Cloud provider Vultr has chosen Hewlett Packard Enterprise (HPE) to supply the hardware behind a major push into artificial intelligence and data center expansion, according to multiple trade reports.
According to The Fast Mode, Vultr selected HPE specifically for AI infrastructure and data center expansion. AiThority frames the same deal more broadly, reporting that Vultr selected both HPE and NVIDIA for what it calls next-generation AI infrastructure built for cloud-scale data centers.
The combination is notable because it pairs three recognizable names in the AI buildout. HPE is a long-established enterprise hardware vendor, NVIDIA supplies the chips that have become the default engine for AI workloads, and Vultr is a cloud company positioning itself to rent that computing power to customers.

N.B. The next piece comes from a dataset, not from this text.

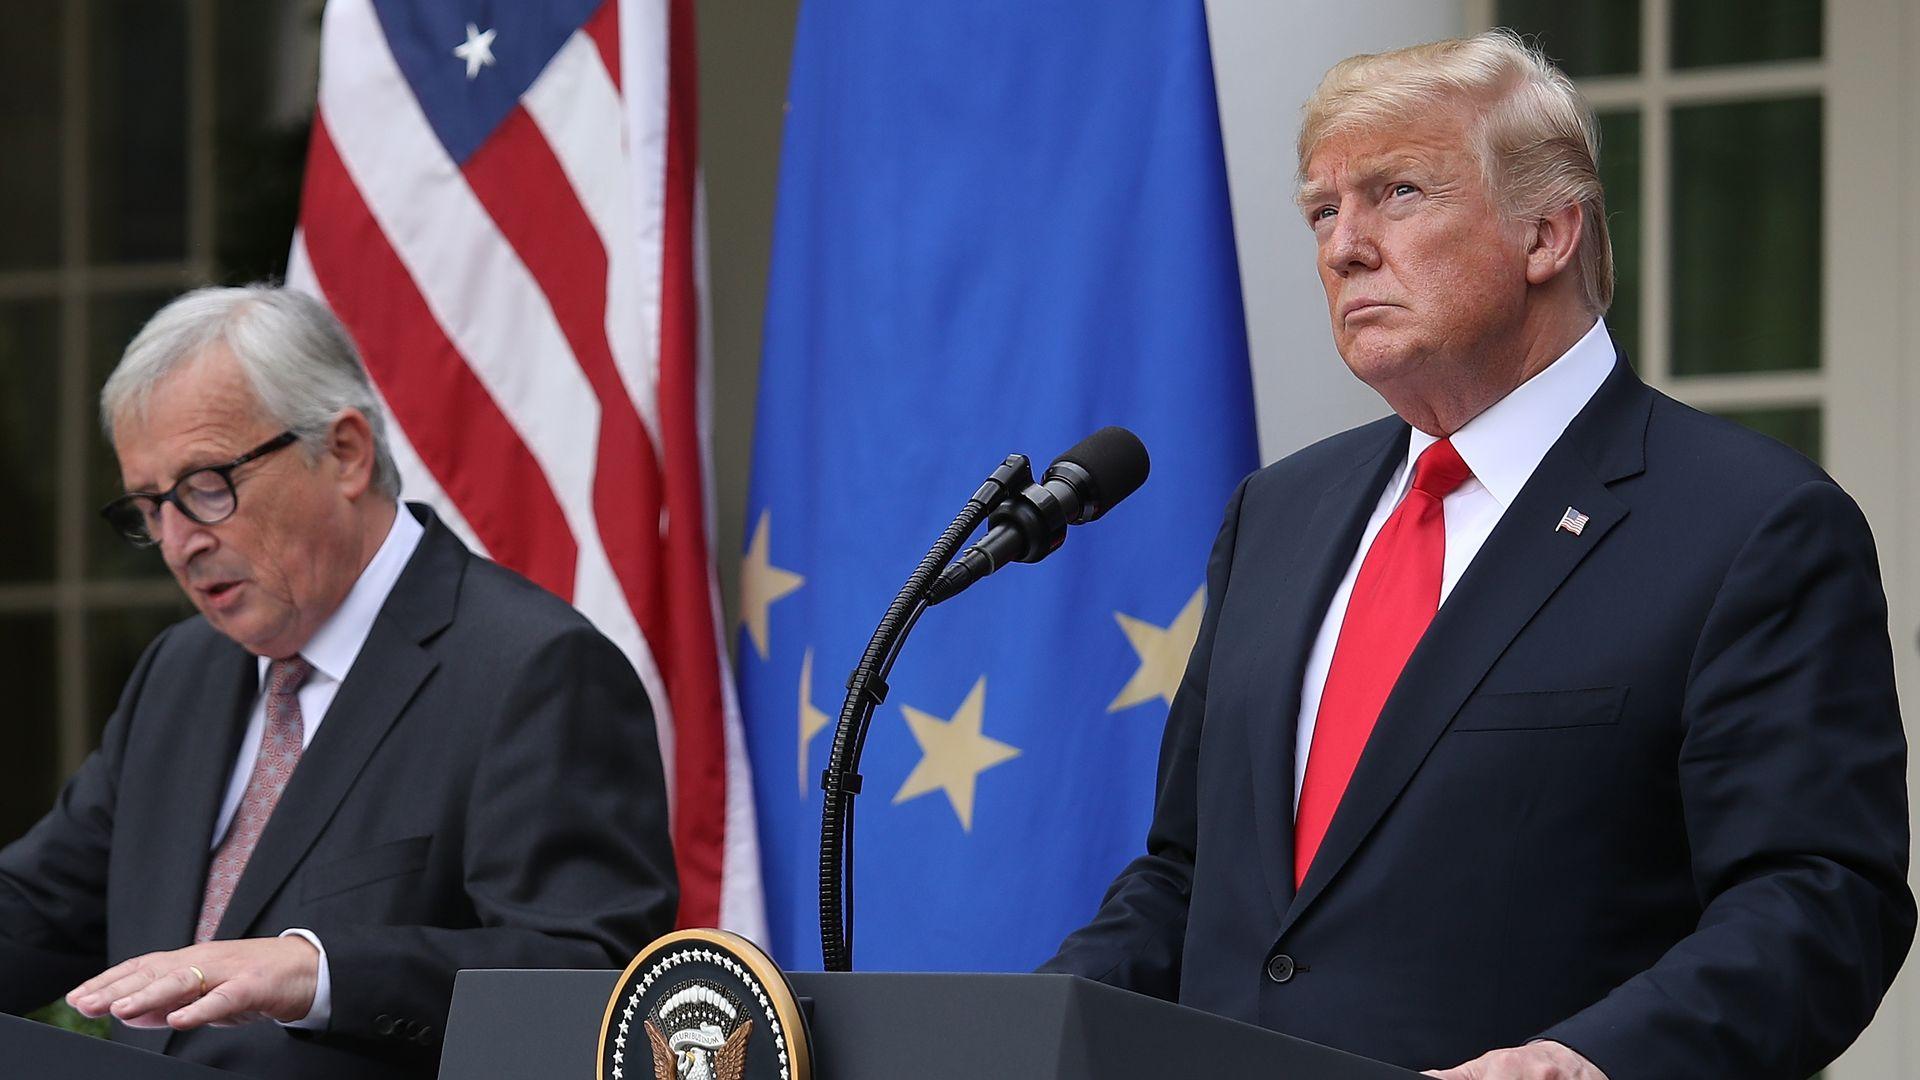 Trump's next battles on trade
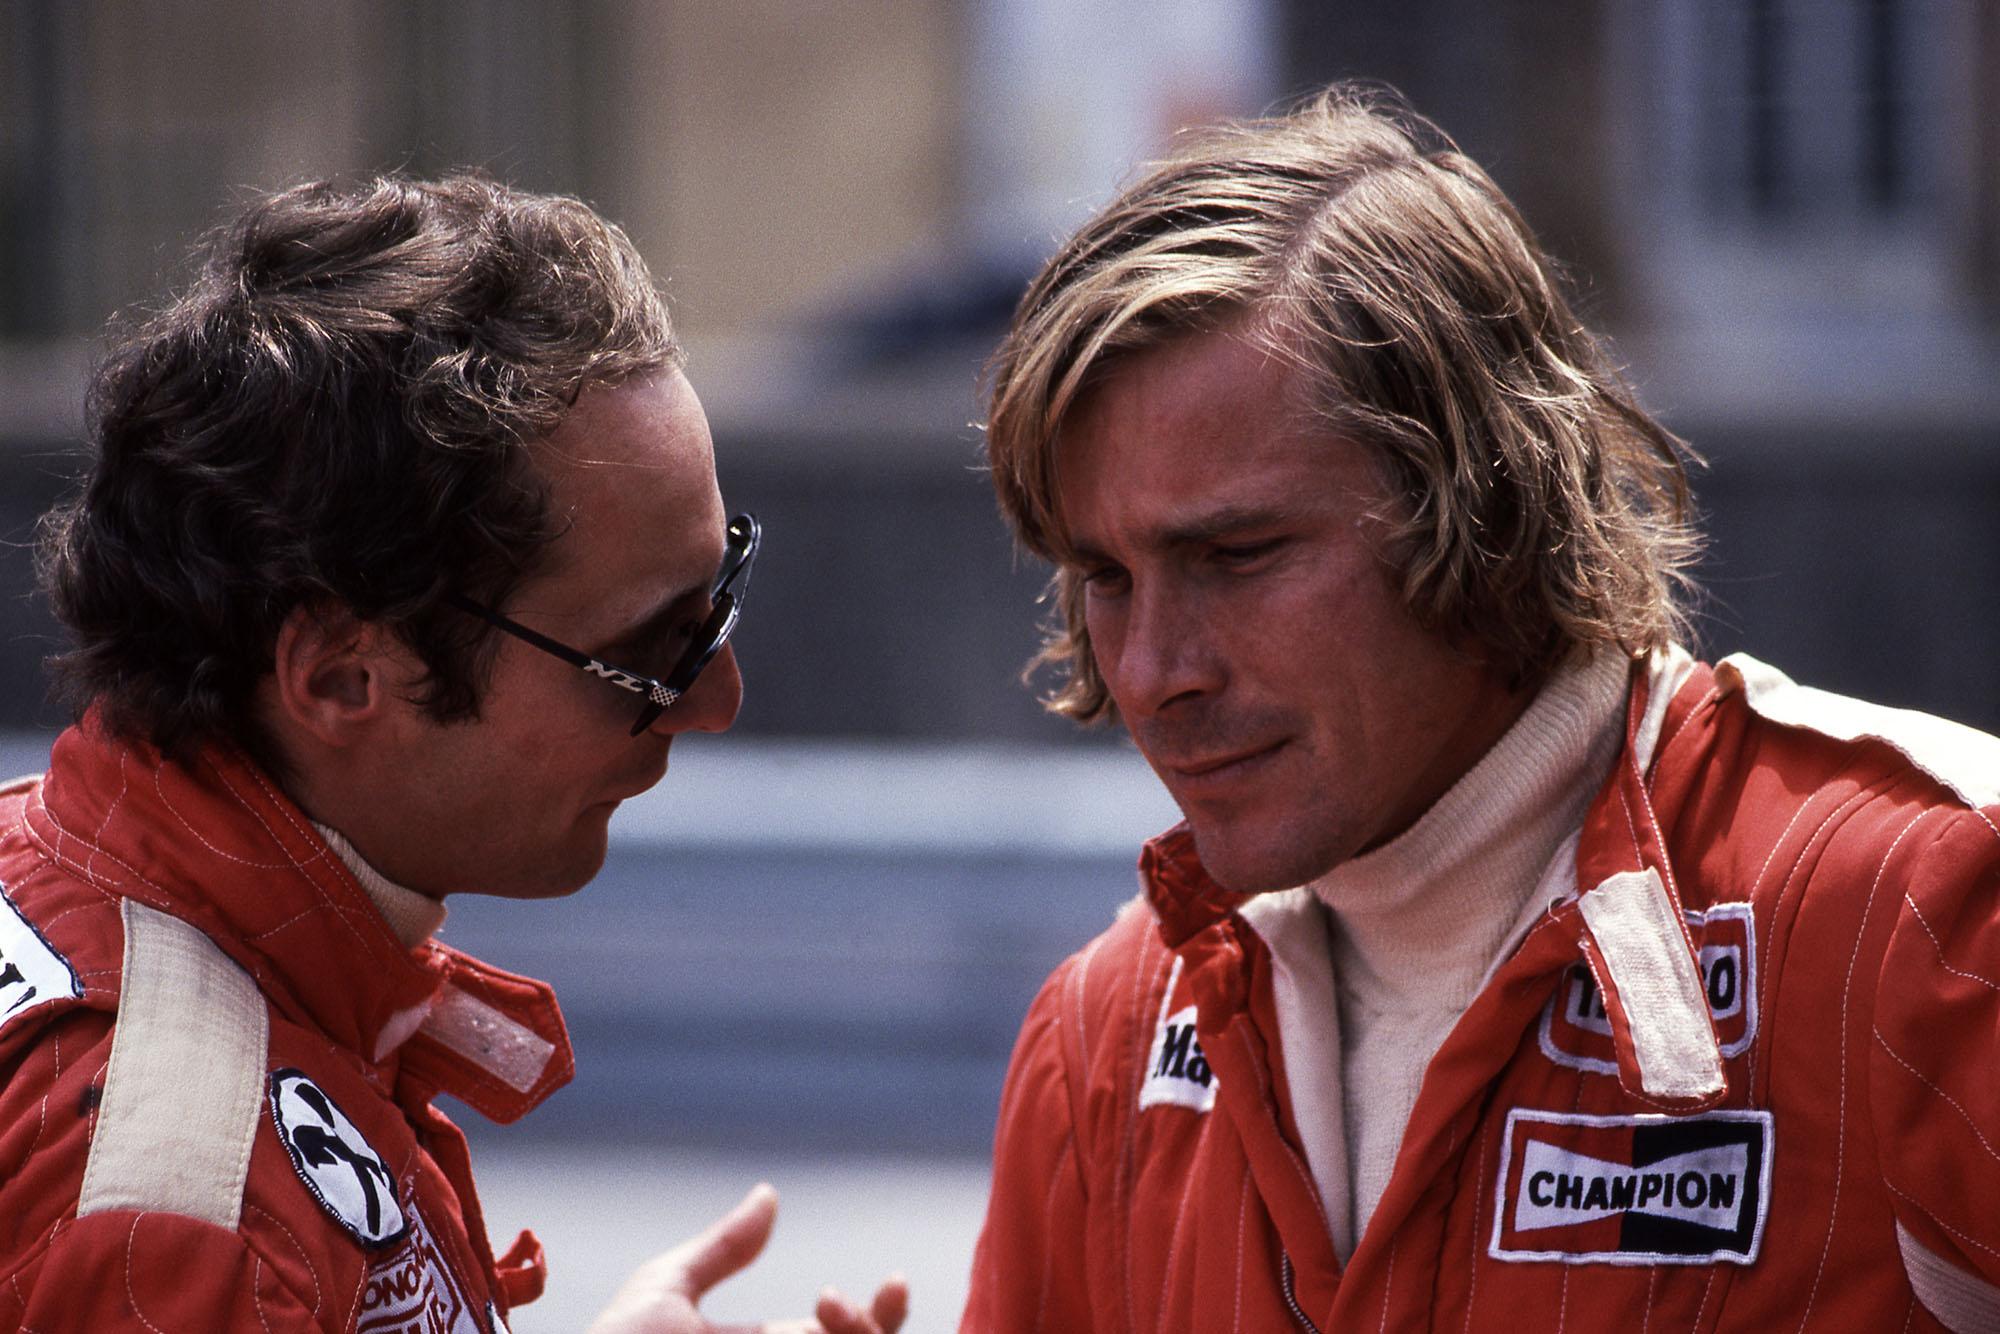 Niki Lauda (Ferrari) talks to James Hunt (McLaren) at the 1976 Monaco Grand Prix.

The available reporting is light on specifics. Neither source, as summarized, attaches a dollar figure, a timeline, or a list of locations to the expansion, so the scale and pace of Vultr's plans remain unstated here. What both reports agree on is the direction: Vultr is leaning on HPE-supplied systems, and at least according to AiThority, NVIDIA technology, to grow its data center footprint for AI.
Why it matters: demand for AI computing has set off a race among cloud providers to lock in hardware and build out data centers, and a smaller player like Vultr partnering with HPE and NVIDIA shows that race extends well beyond the largest hyperscalers.